In order to promote transparency and investor protection, the SEC Division of Corporation Finance will limit its traditional policy with respect to the confidential non-public submission of initial registration statements by foreign private issuers. Beginning immediately, the staff will review initial registration statements of foreign issuers that are submitted on a non-public basis only where the registrant is a foreign government registering its debt securities; a foreign private issuer listed on a non-U.S. exchange; a foreign private issuer that is being privatized by a foreign government; or a foreign private issuer that can demonstrate that the public filing of an initial registration statement would conflict with the law of an applicable foreign jurisdiction. In addition, shell companies, blank check companies and issuers with no or substantially no business operations will not be permitted to use the non-public submission procedure.

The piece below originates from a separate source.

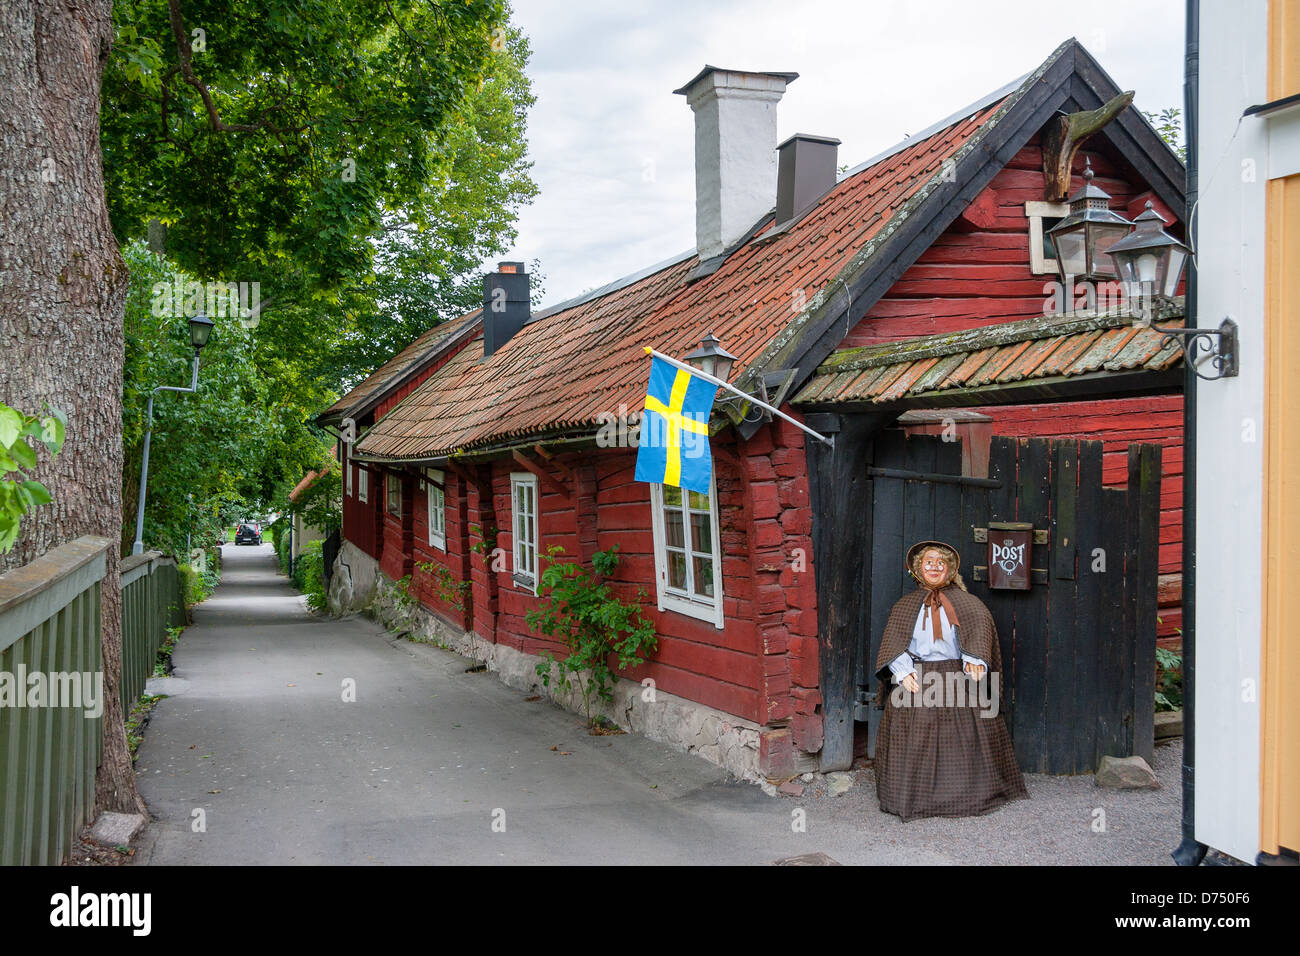 Sigtuna town. Sweden Stock Photo

Non-public submissions that do not come within one of the above categories and that were received by the staff before December 8, 2011 will continue to be reviewed by the staff without a public filing. But the next draft of the registration statement, whether in response to comments issued by the staff or otherwise, must be filed on the EDGAR system.
Foreign private issuers were also cautioned that circumstances may develop in which the staff will request them to publicly file a registration statement even though they comes within the general parameters of the new policy. Examples of these circumstances include a competing bid in an acquisition transaction or publicity about a proposed offering or listing.
Foreign issuers are also reminded that the non-public submission of a registration statement does not constitute the filing of a registration statement under the Securities Act.. Under Section 5(c) of the Securities Act, offers of securities cannot be made in the United States until a registration statement is publicly filed with the Commission using the EDGAR system.
The Division has historically permitted foreign private issuers to submit to the staff registration statements and amendments on a non-public basis in connection with their first-time registration with the Commission, permitting the staff to review and comment on disclosure, and the issuer to respond to staff comments, before a public filing is made through the EDGAR system. The policy was partially based on the fact that historically the majority of foreign private issuers registering securities with the SEC were also having their securities traded on a foreign securities exchange, and the foreign market ordinarily did not have a practice of requiring public disclosure of the registration statement before completion of review.
More recently, however, the vast majority of foreign private issuers using this non-public review procedure did not and were not contemplating listing securities outside the United States. Thus, the Division believes it is appropriate to limit its policy with respect to the non-public submission of initial registration statements by foreign private issuers.